With only six months left in Timoney’s contract, it’s time to start evaluating the results. Despite his efforts to retrain the police and bring greater accountability to their actions, brutality against protesters has worsened on Timoney’s watch. At least 87 people have died at the hands of police since the uprising began, more than half of which occurred after Timoney arrived in Bahrain. Thousands more have been injured and arrested during political demonstrations.

“We’re seeing the exact same things that we saw two years ago, but even more so,” Maryam al-Khawaja told Democracy Now earlier this month. “We’re seeing a deterioration of the human rights situation.”

To be fair, though, Timoney is not entirely to blame for this. The country from which he hails should certainly shoulder some of that responsibility. After all, Bahrain is a strategic ally of the United States and home to the Navy’s Fifth Fleet, the primary U.S. naval base in the Middle East, which patrols shipping in the Gulf, assists with missions in Afghanistan, and monitors Iran as tensions in the region continue to mount.

Perhaps most egregiously, the U.S. continues to provide arms to the al-Khalifa regime. In October 2011, the U.S. symbolically froze a $53 million defense deal with Bahrain until the monarchy enacted human rights and political reforms based on recommendations in the BICI report. Despite the lack of reform, however, the U.S. resumed weapons sales to Bahrain in May 2012.

Last month, the U.S. State Department issued a report critical of Bahrain’s “serious human rights problems,” including:

[C]itizens’ inability to change their government peacefully; arrest and detention of protesters on vague charges, in some cases leading to their torture in detention; and lack of due process in trials of political and human rights activists.

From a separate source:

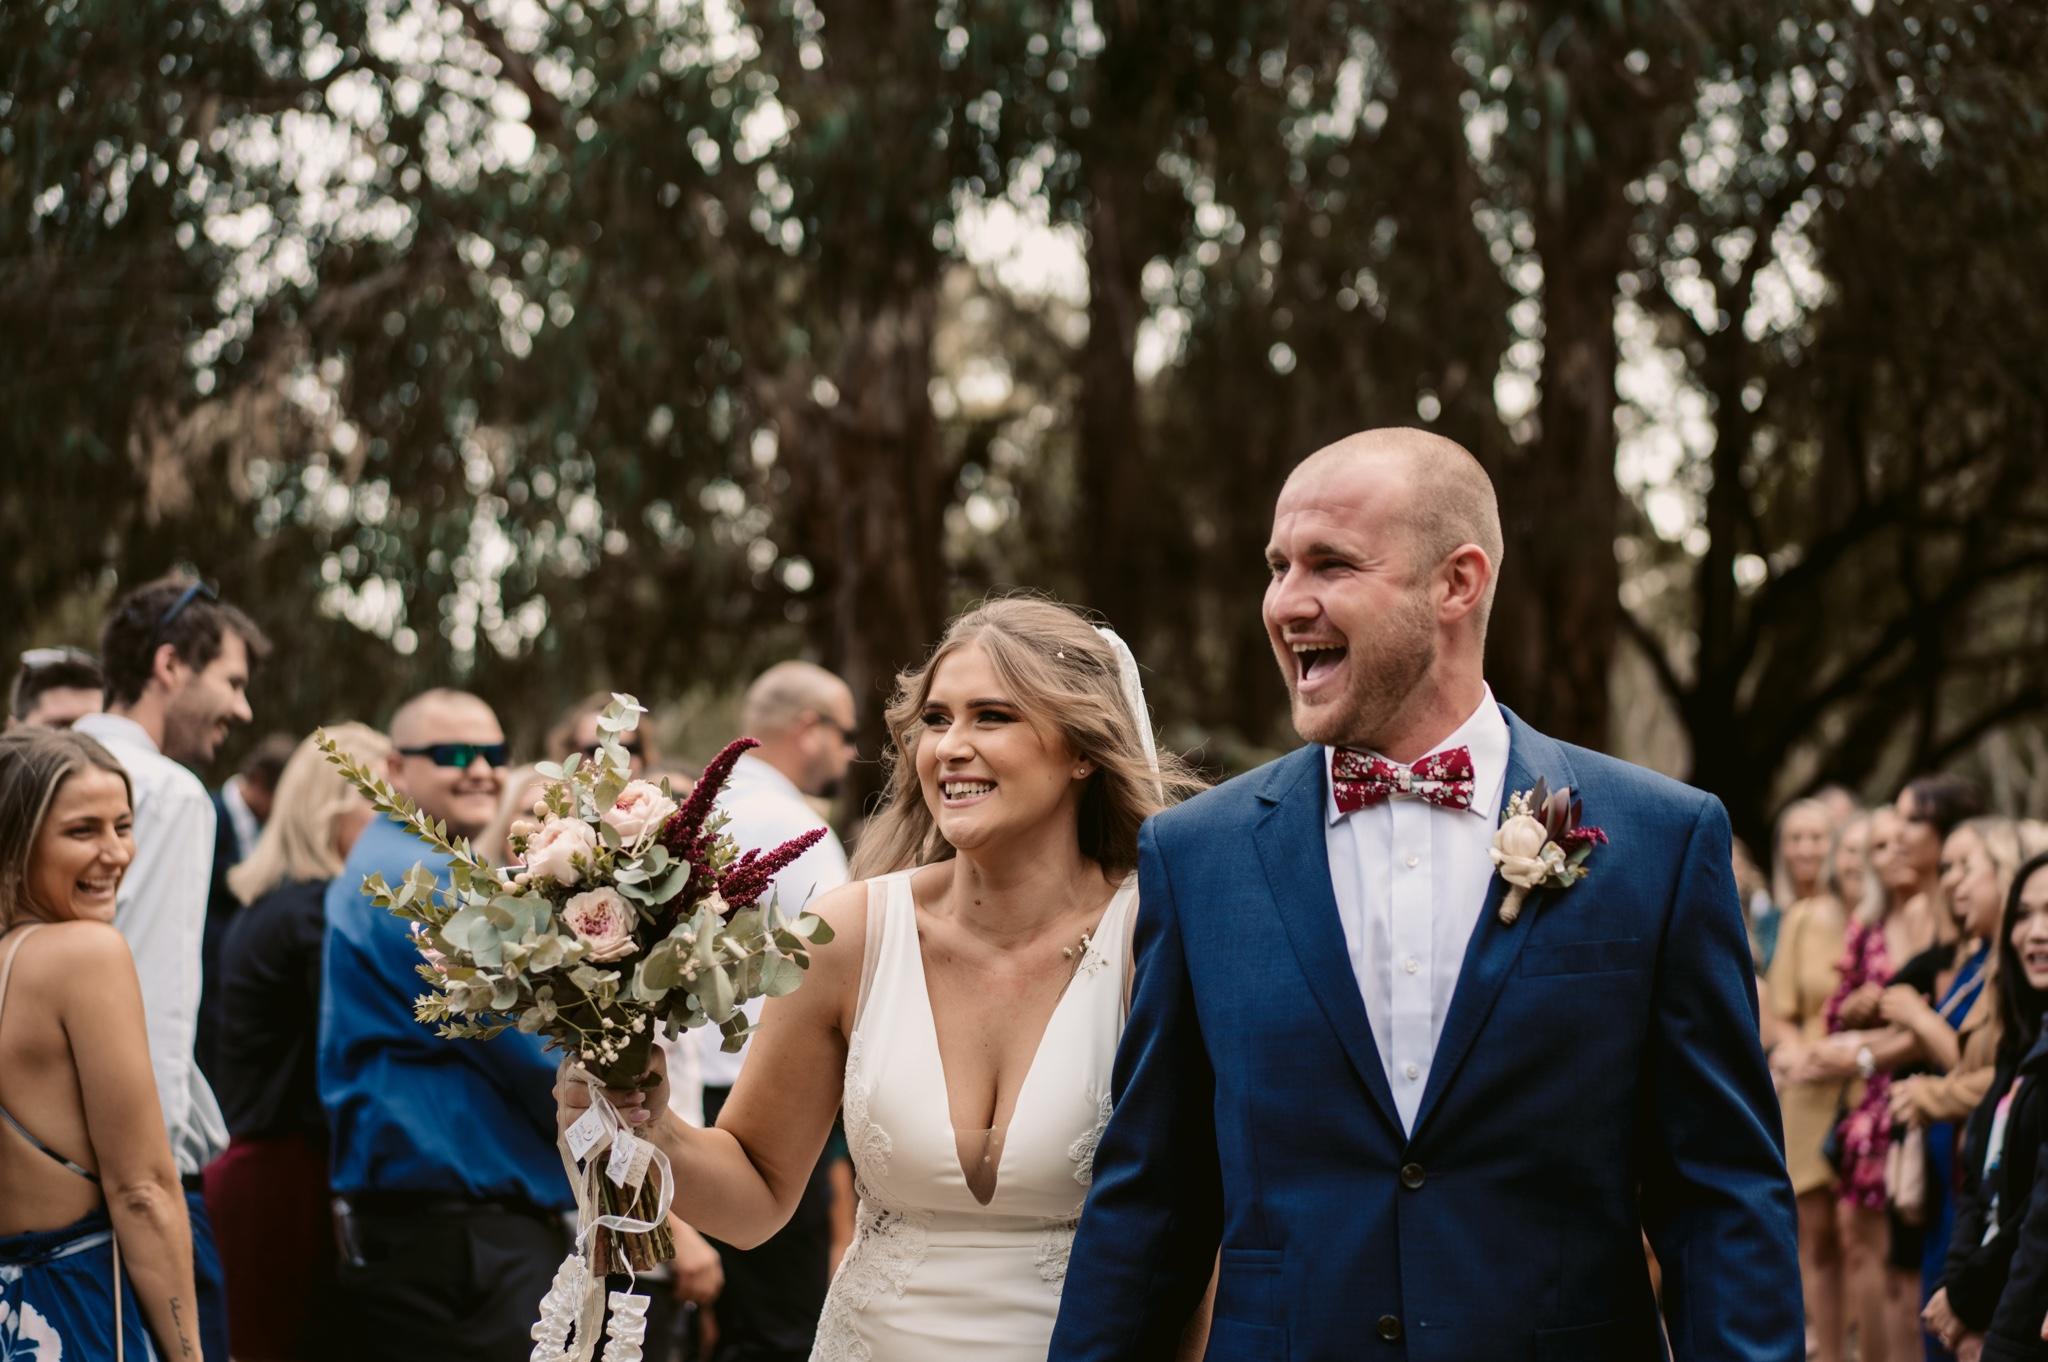 Mornington Peninsula Wedding Photography59.jpg

But, some might argue that the State Department’s report is too little, too late. As long as the Bahraini government isn’t forced to face any real consequences for its actions, it will continue to believe it has international immunity. Late last year, before she was imprisoned for expressing her political views, Zainab al-Khawaja wrote these sobering words in the New York Times:

If the United States is serious about protecting human rights in the Arab world, it should halt all arms sales to Bahrain, bring Bahrain’s abuses to the attention of the United Nations Security Council, support a special session on Bahrain at the United Nations Human Rights Council, and begin a conversation about potential diplomatic and economic sanctions. The Obama administration should also demand that high-level Bahraini officials be held accountable for human rights abuses, and that nongovernmental organizations, United Nations human rights investigators and journalists be allowed to enter the country and investigate abuses.

So, maybe the end of Timoney’s tenure in Bahrain represents a turning point. The elements for addressing the violent crackdown on dissent are right in front of us, and Timoney’s failure makes them even more resounding. What’s left is to hold fast to principles of unconditional respect for human rights, and allow the popular revolution in Bahrain flourish and thrive.

Kris Hermes provided support to political protesters during Timoney’s crackdown on dissent in both Philadelphia (2000) and Miami (2003).